Kill Rclone on Error

I’m trying to make my Rclone mount as user friendly as possible. Is it possible to kill Rclone in the event of an error? For example, whenever a refresh token is invalid or expires and I attempt to mount that remote, it returns an error (obviously) but the process does not terminate. Is this possible with a shell script?

Any direction/help is appreciated!

The token should be automatically refreshed - is that not what you see?

Which remote are you using?

If you know what errors you are looking for you could parse the log file. Or you could try listing the mount directory in the shell script and if that fails kill the mount.

I should have noted that I intentionally screwed up my token. I wanted to put myself in the position of a user who somehow invalidated their token and would experience that API error. We are trying to implement Rclone with the worst-case end users in mind.

I like the idea of listing the mount directory and killing it based on that.

One last thing, is it possible to pipe responses to the rclone config in order to “automate” that process? Again, we are trying to design our implementation in a more user friendly way so that users do not have to access it via the terminal.

You can user rclone config update to set options in the config file in a script. I’m not sure that is quite enough for a fully automated setup if it includes an oauth roundtrip.

I haven’t tried piping directly to rclone config it would probably work…

In an ideal world what would you like to see?
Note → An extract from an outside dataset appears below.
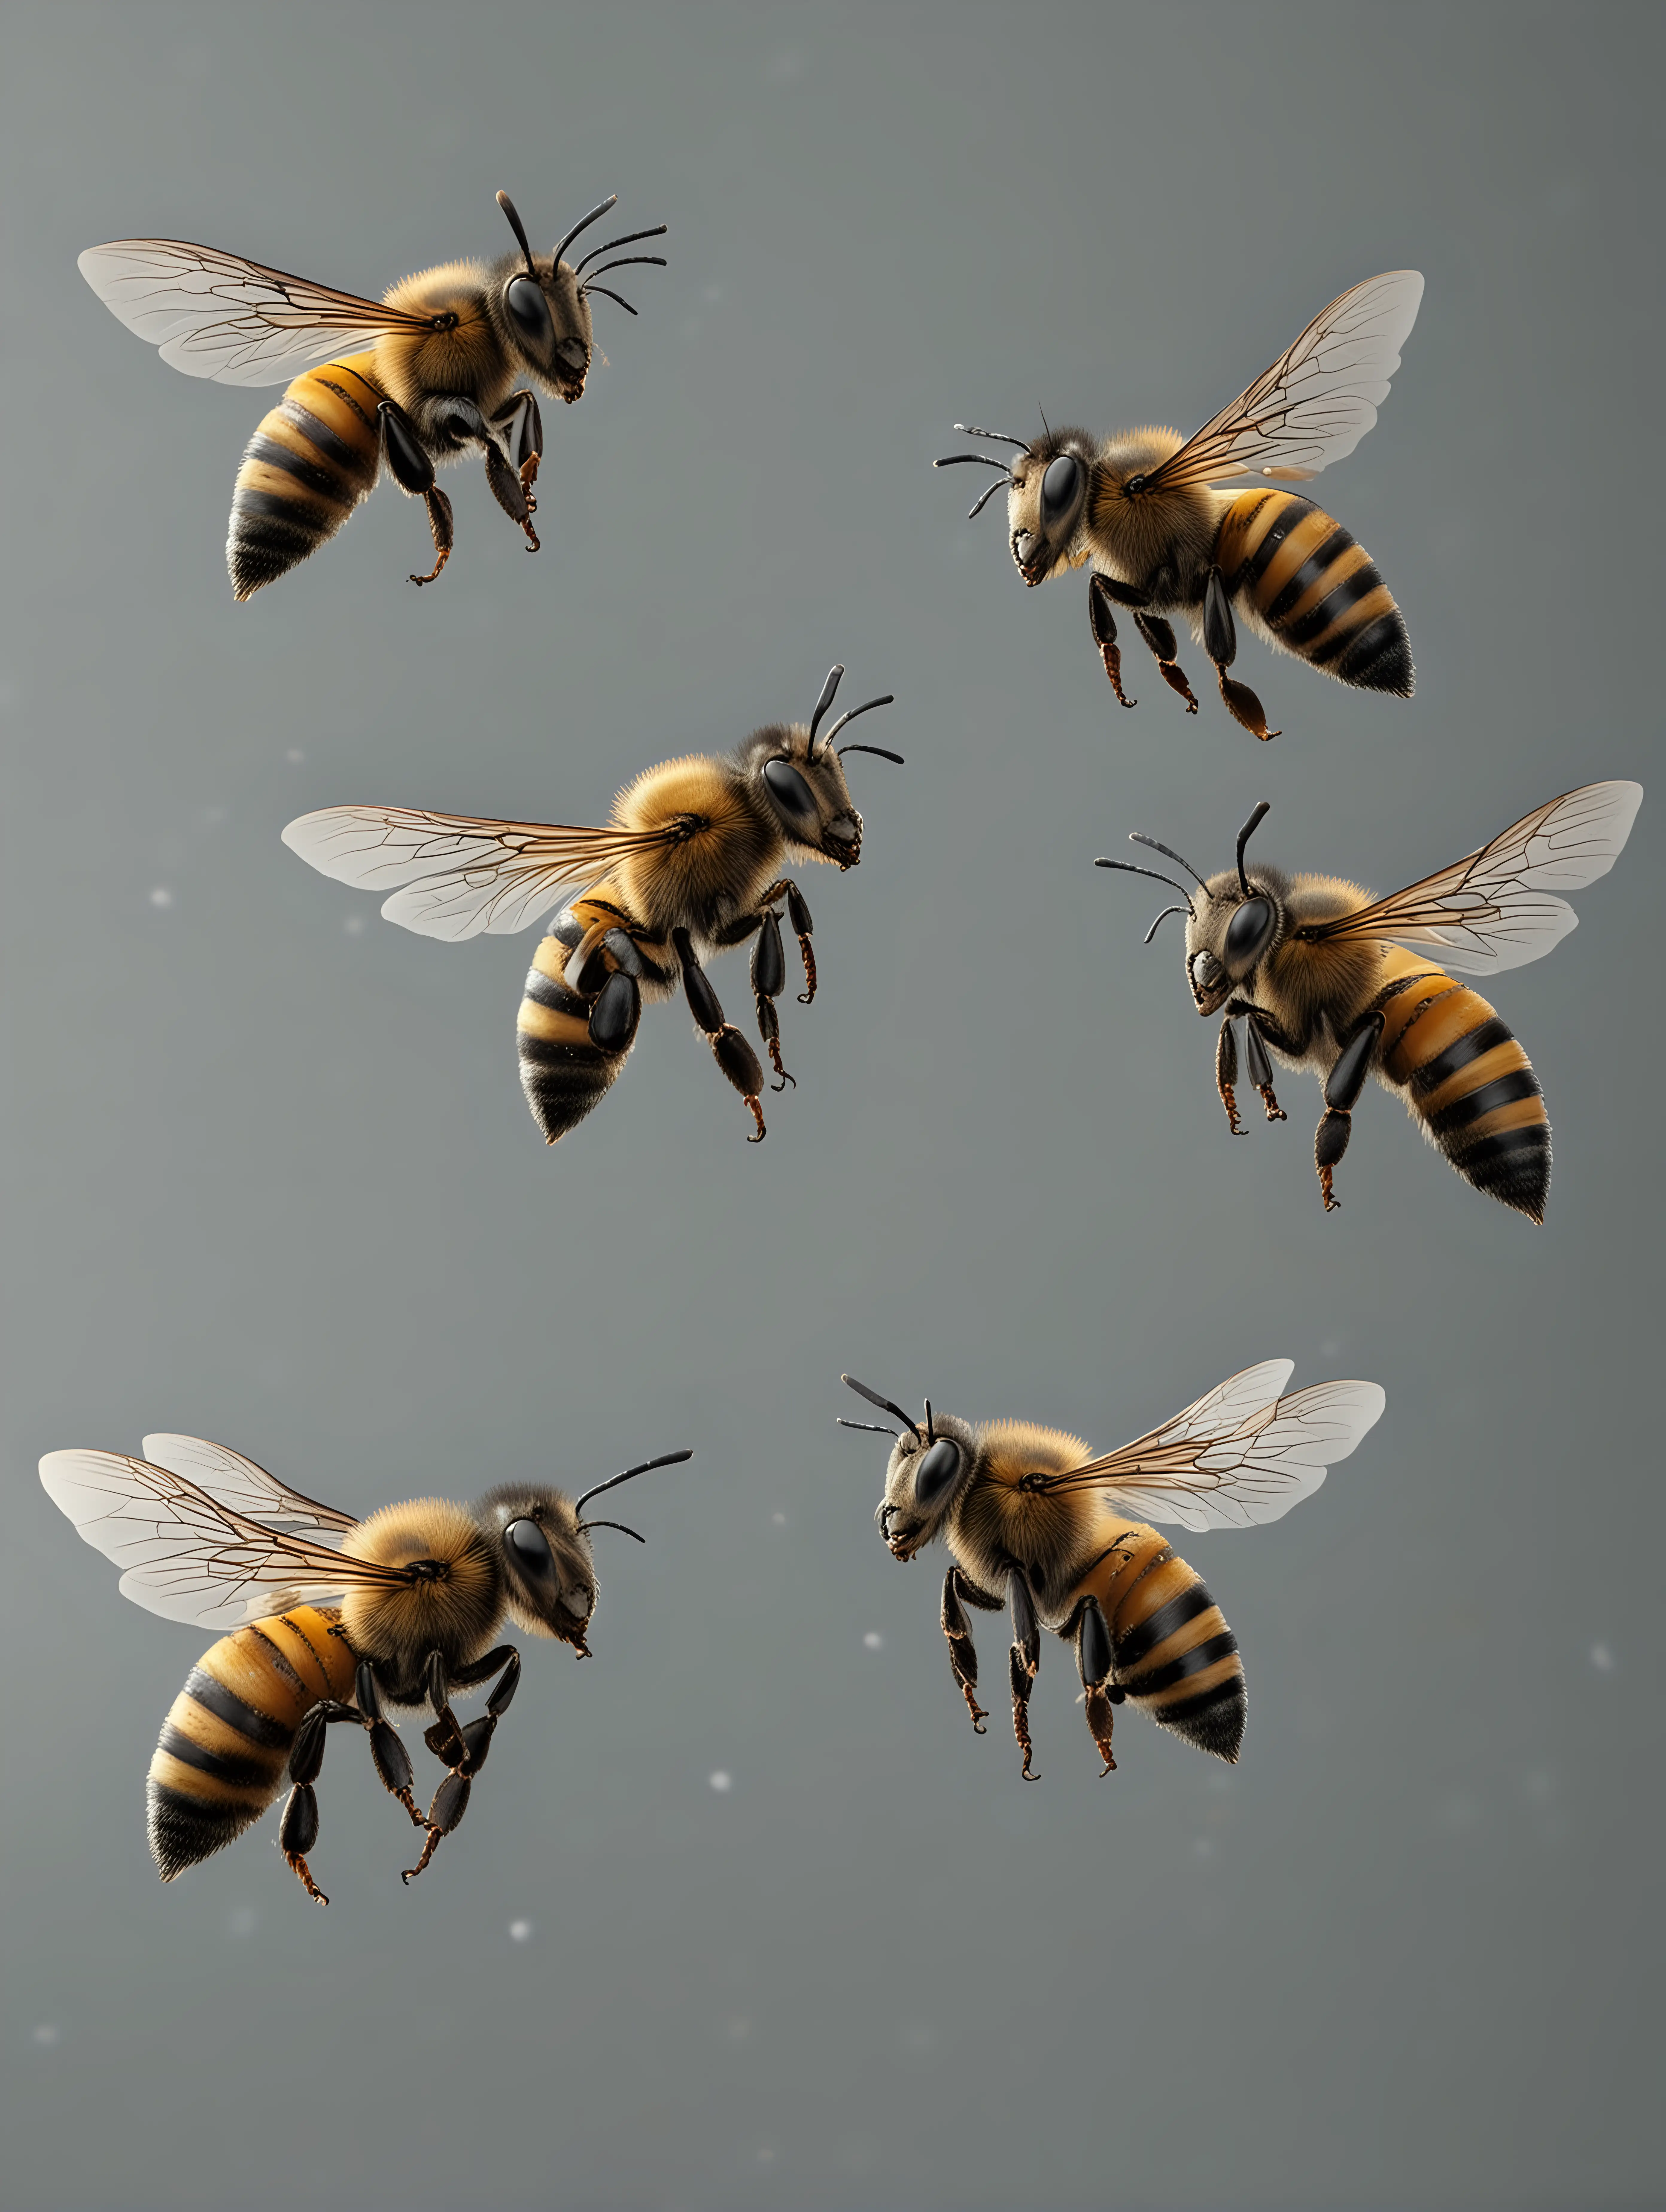 HyperRealistic Photorealistic Bees Flying on Neutral Gray Background

The powers that be would like the configuration to be as user friendly as possible. Apparently the CLI isn’t simple enough. Personally, I think a monkey could do it. I’m of the opinion that if you can’t follow this simple CLI then why are you even on our server (not to mention, we could document it heavy with pictures and all)…

Anyway, we are setting this up for box so - all the user has to type in is n, (name), box, enter, enter, yes, -> oauth, yes… Seems simple enough, but they want a GUI to do it. So I was trying to use a Zenity window to take in the remote name and then feed that and all the other set responses to rclone.

I think I could write a python script with my own client_id and client_secret to generate auth and refresh tokens, right? And then I could use python to write the rclone.conf file itself thus eliminating the need to do rclone config at all.

I would have thought that would work OK.

Yes you could do that too. It would be slightly more work but I would have thought it would work perfectly.